Wednesday, August 19, 2009

HB 7 in Detail: Calendar year cycles

Contribution limits always come with time limits. In federal elections, a contributor may give $2,400 to a candidate for each election, so that a contributor who maxed out before Election Day can give again after Election Day. HB 7 sets astronomically high limits on giving to campaigns, much higher than in federal elections. And it sets those limits by calendar year, rather than by election. This difference raises some legal and policy questions.

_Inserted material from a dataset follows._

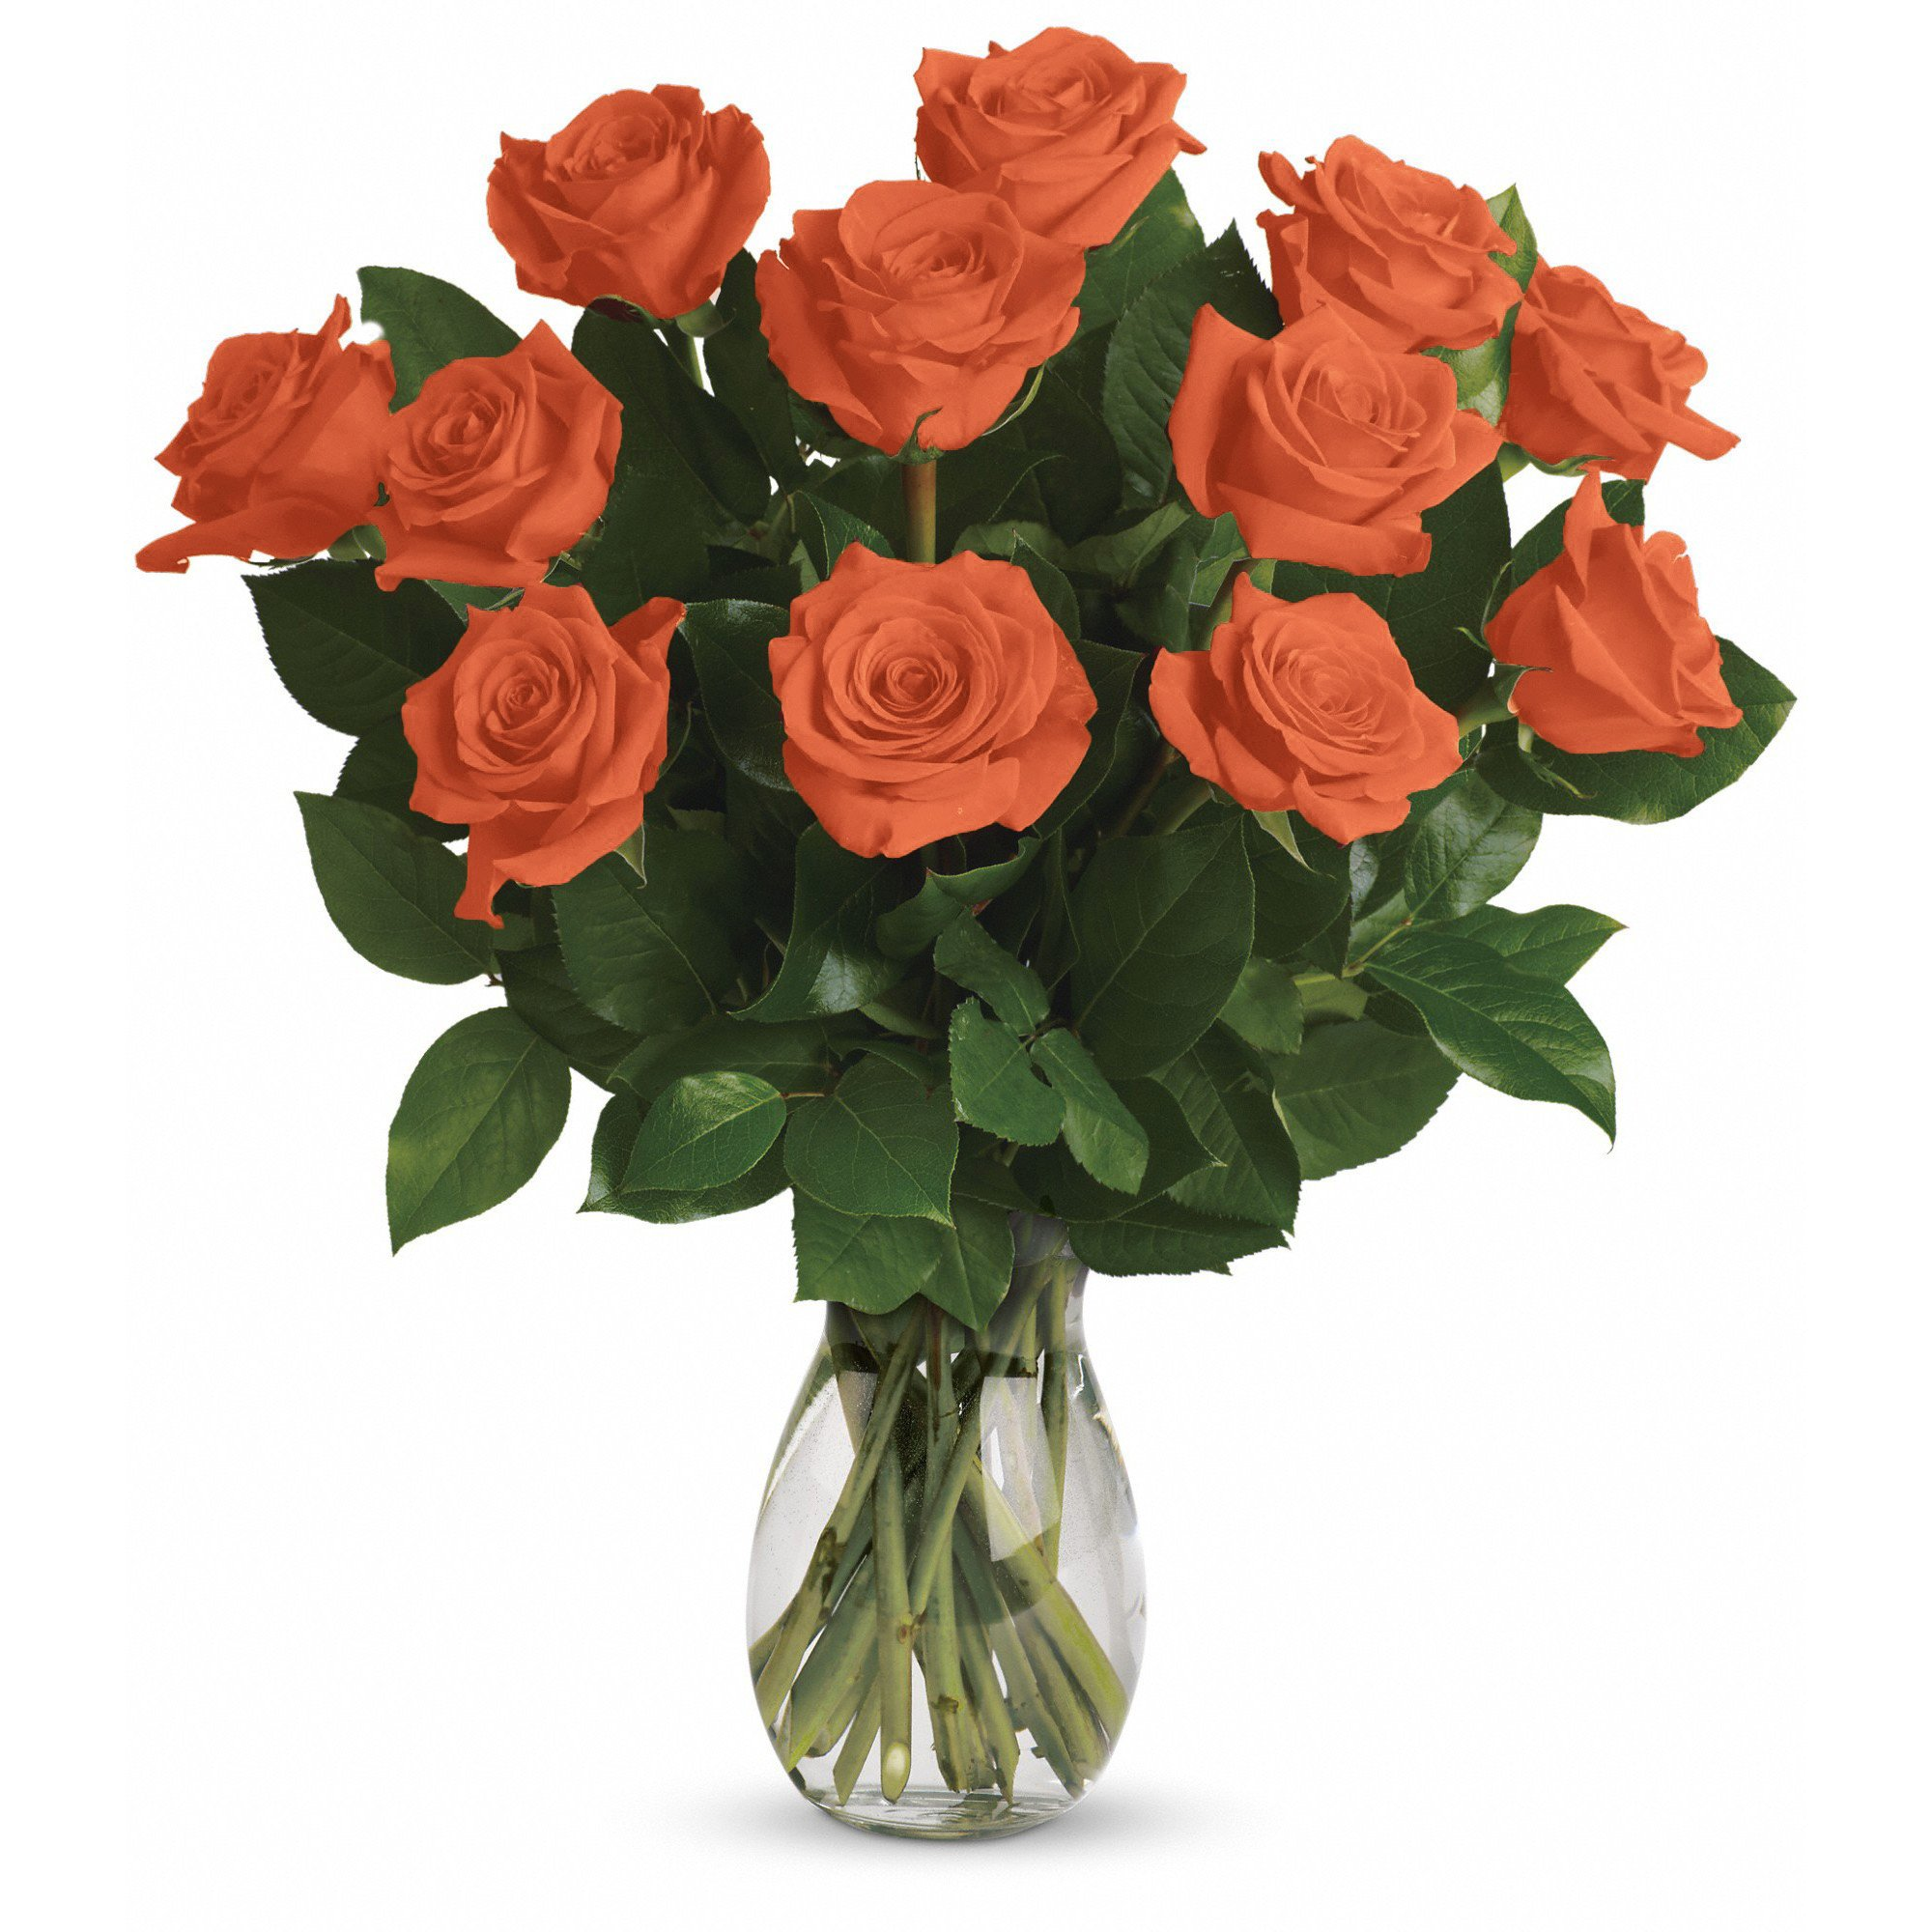 Farm Direct Rose Bouquet of 12 Fresh Cut Roses with Vase (Orange)

At least one court has declared that calendar year limits are unconstitutional. A federal appeals court ruled in SEIU v. Fair Elections Practice Commission (1992) that the State of California does not have a sufficient interest in calendar years to overcome a person's right to participate in the political process. Courts are divided on this; other courts have approved calendar year limits. But when setting limits, it is fair to ask why giving more than the amount in a given time frame should be prohibited. Both the amount and the time frame have to be justifiable, and it is not at all clear what is so magical about January 1, that limits should restart on that date.

There are also policy concerns. Our state elections include primaries, now in early February, and general elections, in early November. Setting limits by calendar year means that a donor who maxes in January, before the primary, cannot give again to that candidate until long after the general election.

Now, most incumbent legislators are not opposed in the primary, and about half are not opposed in either the primary or the general, so maybe they aren't so concerned about this issue. But how is it in the state's interest to say that if you give the max on December 31, you can give the max again the next day, but if you max out right before the primary, you cannot give again until after the general? How does that time-frame address the fact or appearance of corruption?

Too, setting limits by calendar year allows incumbents to get a leg up on fundraising. This is especially true for officials in four-year terms, who can take in a couple of calendar years’ worth of contributions before a challenger would even consider running for their seats. How is a challenger who sat out the first two years of a four-year term without raising any money to compete against an incumbent who holds regular golf outings?

The better time frame for all offices is to set limits by the election cycle.